Journal Indexing Databases: PubMed, Scopus, Web of Science, and DOAJ
Getting a paper published is one milestone. Getting it found is another problem entirely — and that's where indexing databases do the heavy lifting. This page examines four of the most consequential indexing systems in academic publishing: PubMed, Scopus, Web of Science, and the Directory of Open Access Journals (DOAJ). It covers how each operates, what drives inclusion decisions, and why the distinctions between them matter for researchers, institutions, and readers navigating the scientific literature.
- Definition and scope
- Core mechanics or structure
- Causal relationships or drivers
- Classification boundaries
- Tradeoffs and tensions
- Common misconceptions
- Checklist or steps (non-advisory)
- Reference table or matrix
Definition and scope
A journal indexing database is a structured, searchable repository that aggregates bibliographic records — titles, abstracts, author information, citations, and sometimes full text — across a defined set of peer-reviewed publications. Indexing is not archiving. An archive stores content; an index certifies and organizes it, making work discoverable and citeable within the formal scientific record.
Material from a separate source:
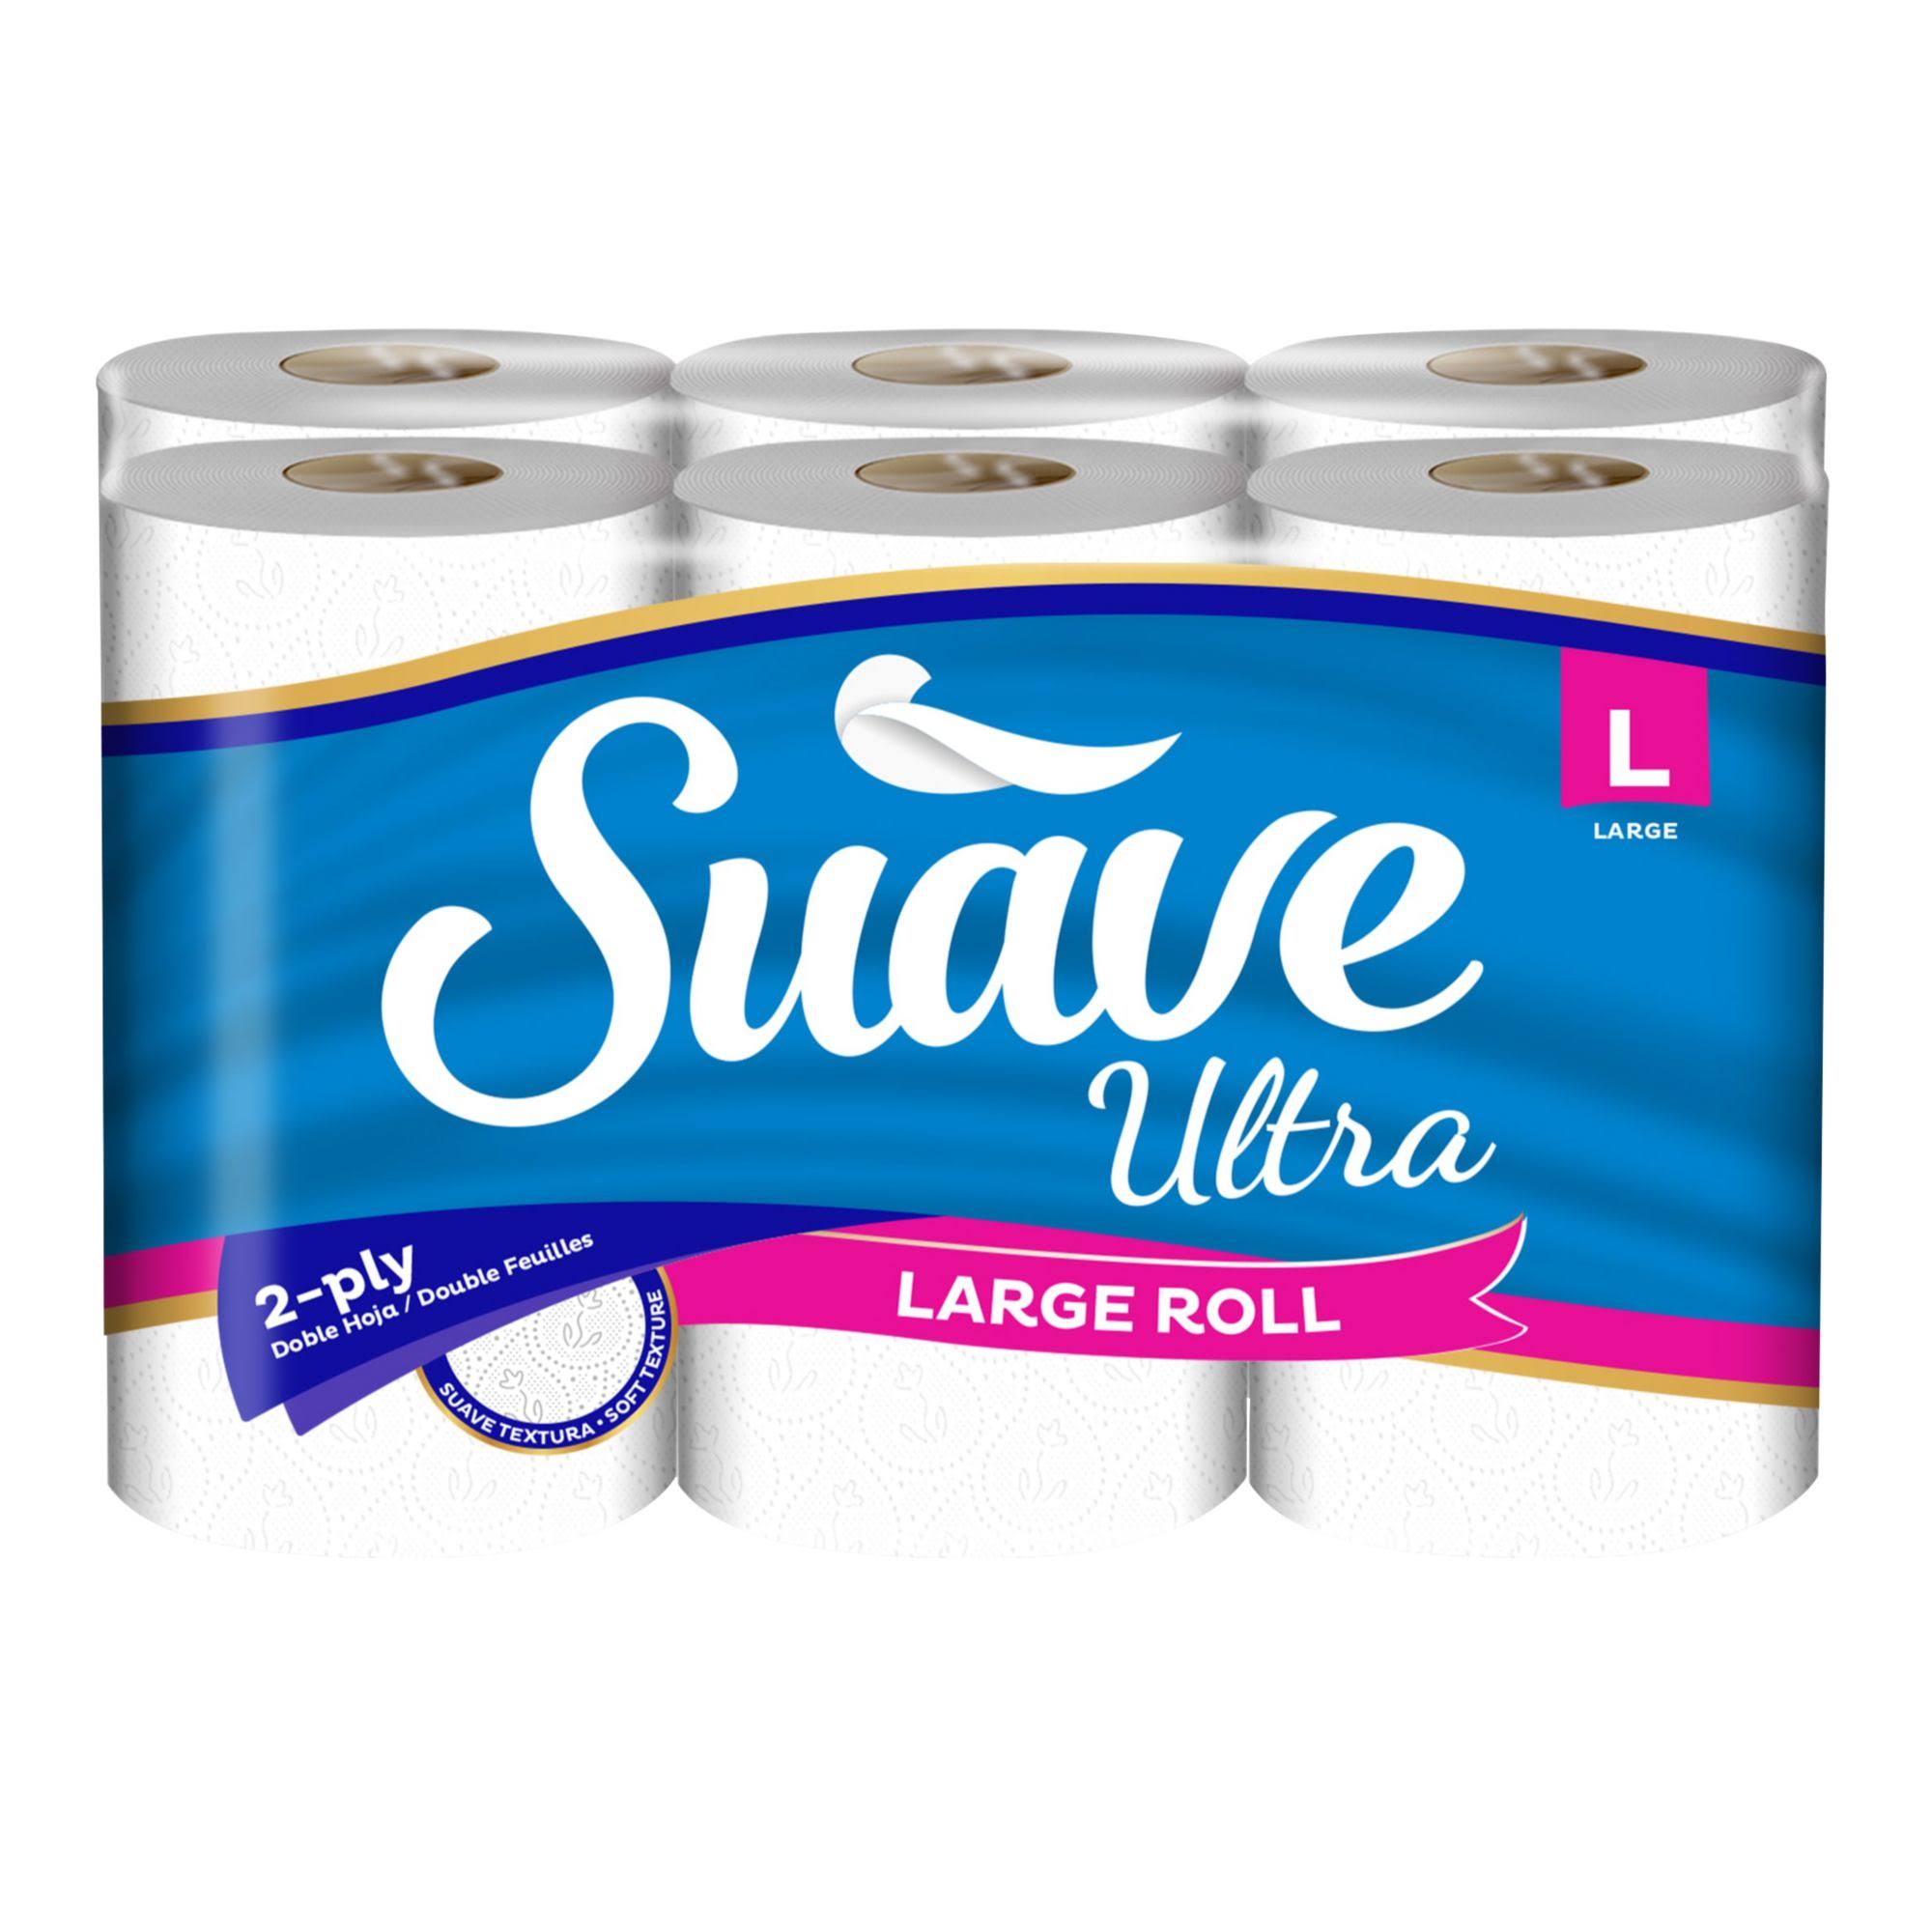 Suave Ultra Large Toilet Paper Rolls
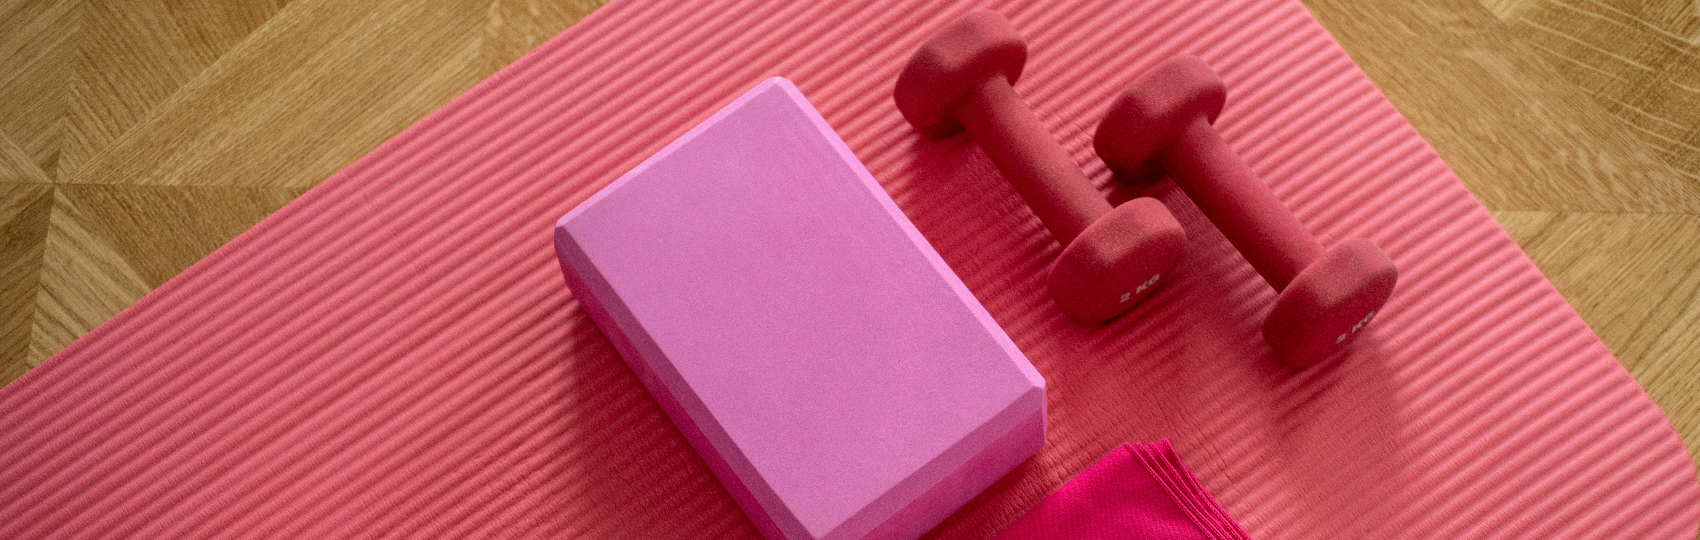 Opening A Yoga Studio? Here's The Essential Equipment

The four databases covered here represent distinct institutional models. PubMed is operated by the National Library of Medicine (NLM), a federal agency within the U.S. National Institutes of Health — making it government-funded, free to search, and focused primarily on biomedical and life sciences. Scopus and Web of Science are commercial products: Scopus is owned by Elsevier and Web of Science (formerly part of Thomson Reuters) is owned by Clarivate. DOAJ is a nonprofit, community-maintained directory with a specific mandate to index only legitimate open-access journals.
Combined, these four databases index well over 100 million scholarly records. Web of Science covers approximately 21,000 journals (Clarivate), Scopus indexes around 27,000 (Elsevier Scopus), PubMed's MEDLINE component covers roughly 5,200 journals selected by the NLM Literature Selection Technical Review Committee (NLM MEDLINE Journal Selection), and DOAJ lists over 20,000 open-access journals as of its public-facing count (DOAJ).
Understanding these databases is foundational to making sense of journal metrics like impact factor and citation scores, since nearly all such metrics are calculated from citation data drawn specifically from these indexed pools.
Core mechanics or structure
Each database ingests journal content through a distinct pipeline. PubMed/MEDLINE receives structured metadata in a format called MEDLINE XML or PubMed XML from publishers who have passed the journal selection process. NLM assigns Medical Subject Headings (MeSH) — a controlled vocabulary of approximately 30,000 terms — to individual articles, enabling precision retrieval that keyword search alone cannot match.
Web of Science and Scopus operate on a citation-graph model. They don't just record that a paper exists; they map who cites whom. Every indexed reference list becomes a data point in a network. This is how metrics like the h-index and Eigenfactor score are computed — they emerge from citation linkage, not from raw publication counts. Web of Science subdivides its index into named collections: the Science Citation Index Expanded (SCIE), Social Sciences Citation Index (SSCI), and Arts & Humanities Citation Index (AHCI) are the three principal ones, each with separate journal selection processes.
DOAJ operates differently. It doesn't primarily function as a citation tracker. Its core product is a whitelist: journals that meet its criteria receive a DOAJ Seal or basic listing, and that status signals legitimacy to librarians, funders, and researchers wary of predatory journals. DOAJ also feeds metadata into services like EBSCO and CrossRef, amplifying discoverability for listed journals without managing citation linkage itself.
Causal relationships or drivers
What actually gets a journal indexed — or removed — comes down to editorial quality signals, not subject matter alone.
For MEDLINE, the NLM's Literature Selection Technical Review Committee evaluates journals on scope and coverage, quality of content, editorial quality, production quality, and audience, as documented in NLM's MEDLINE journal selection criteria. Journals must demonstrate a track record of peer review and must publish primarily original research.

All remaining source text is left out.